** SUPPLIED INFORMATION **
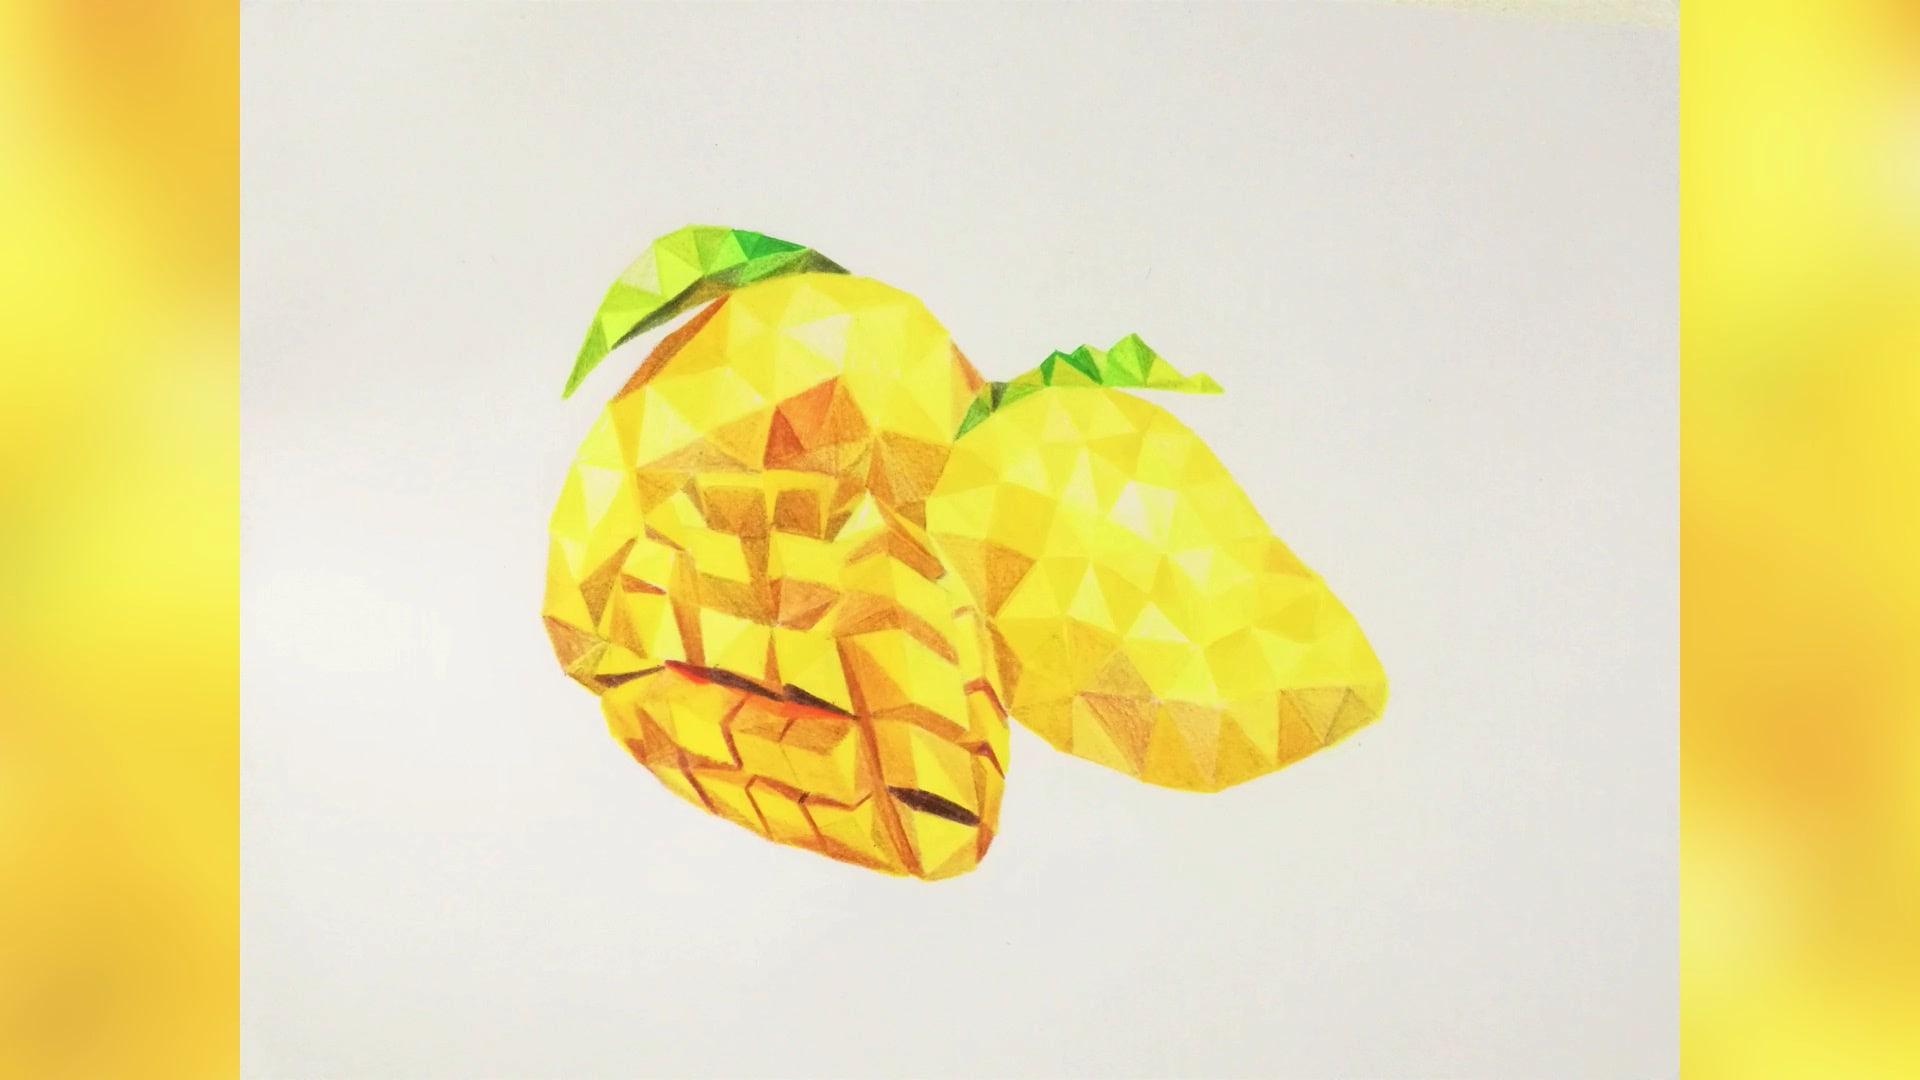 Interior Design by Kaeious Art seen at Private Residence, Kulim - Kaeious Ooi Polygonal Art - The Fruits Series
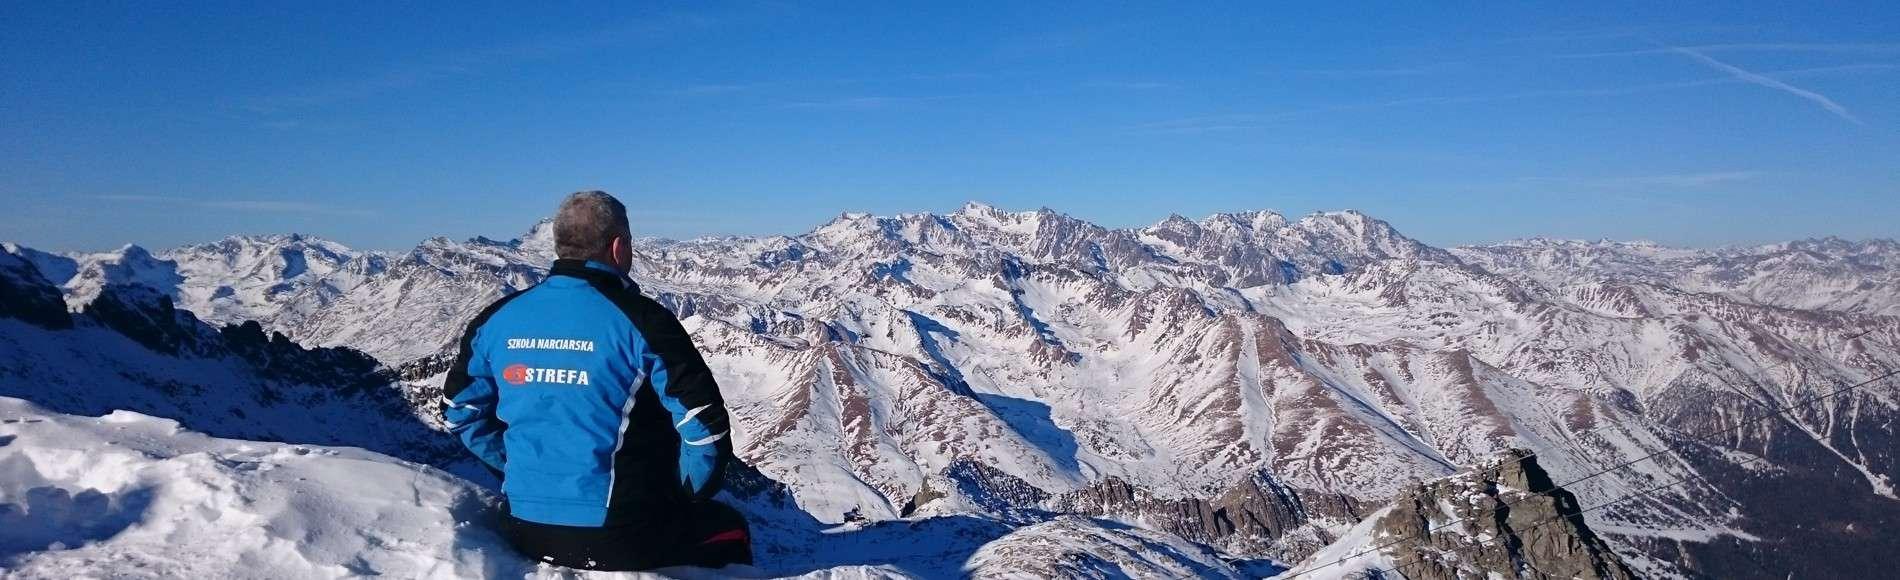 Szkoła narciarska STREFA
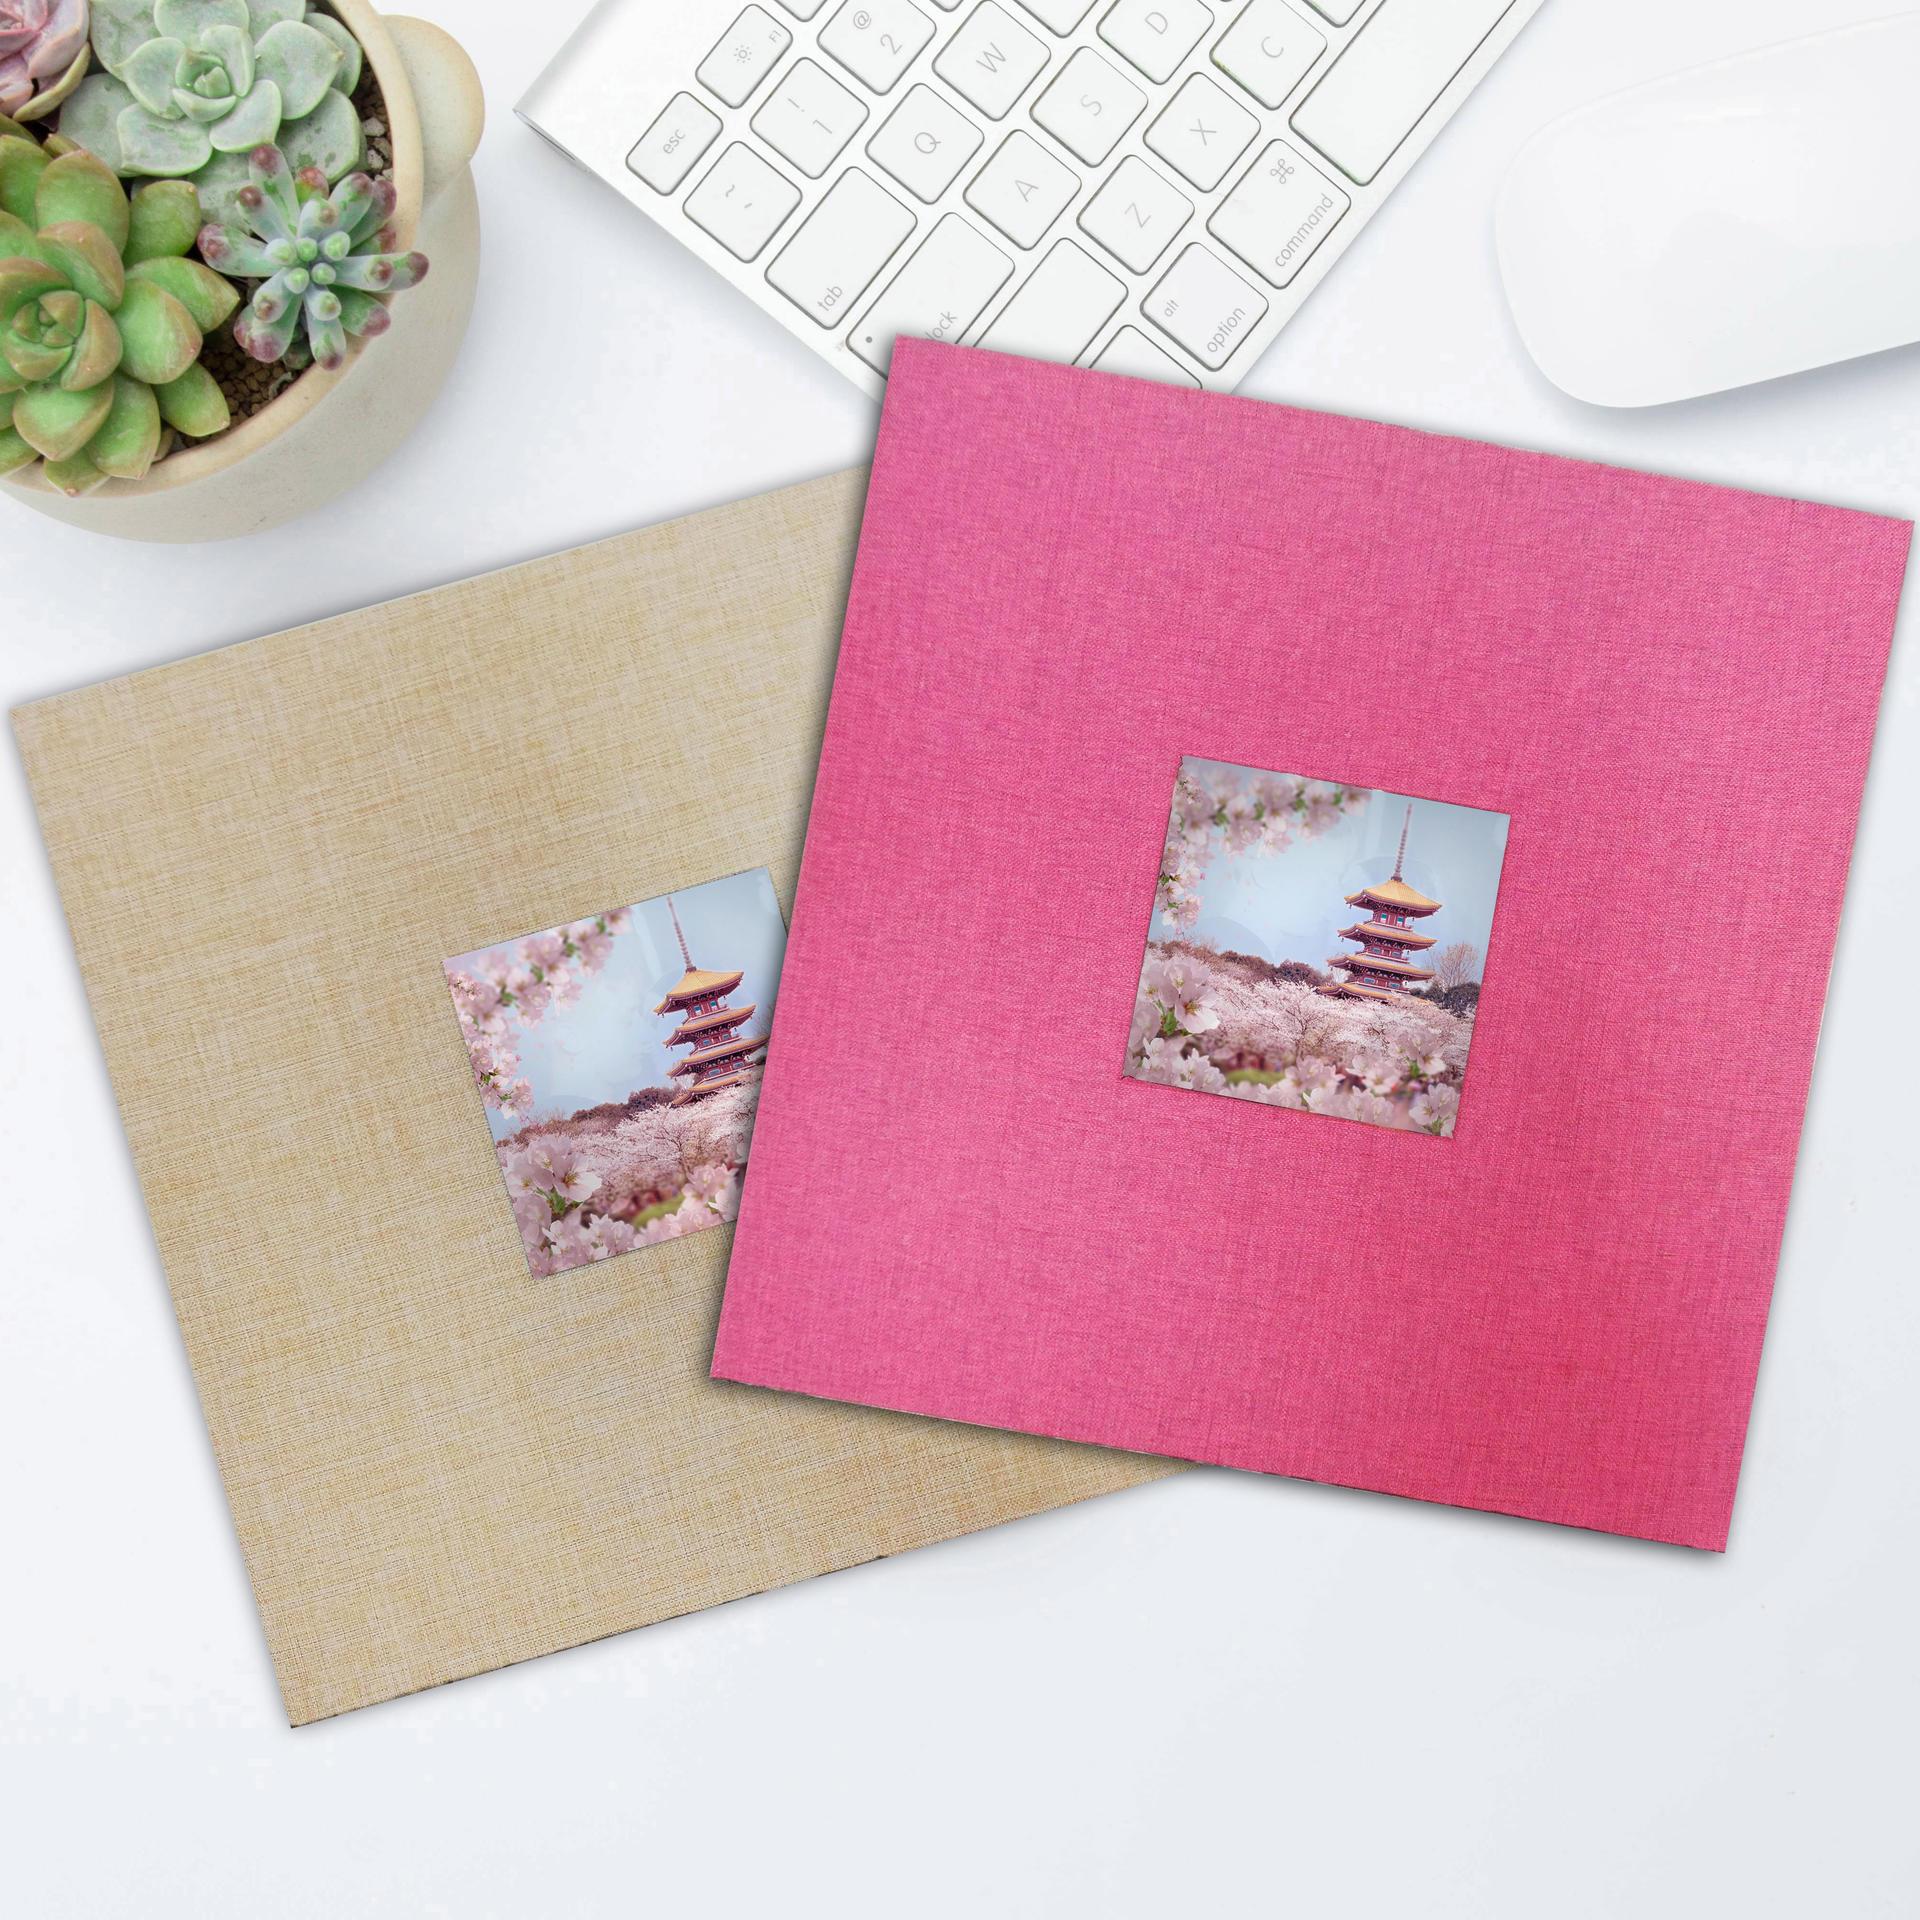 product-Dezheng-Custom Hardcover Window Scrapbook Self-adhesive Baby Photo Album Spiral Creative DIY-1

** PROBLEM REQUIREMENTS **
The copy must reproduce the listing above verbatim and contain no pictures.

** WRITTEN RESPONSE **
 Interior Design by Kaeious Art seen at Private Residence, Kulim - Kaeious Ooi Polygonal Art - The Fruits Series
 Szkoła narciarska STREFA
 product-Dezheng-Custom Hardcover Window Scrapbook Self-adhesive Baby Photo Album Spiral Creative DIY-1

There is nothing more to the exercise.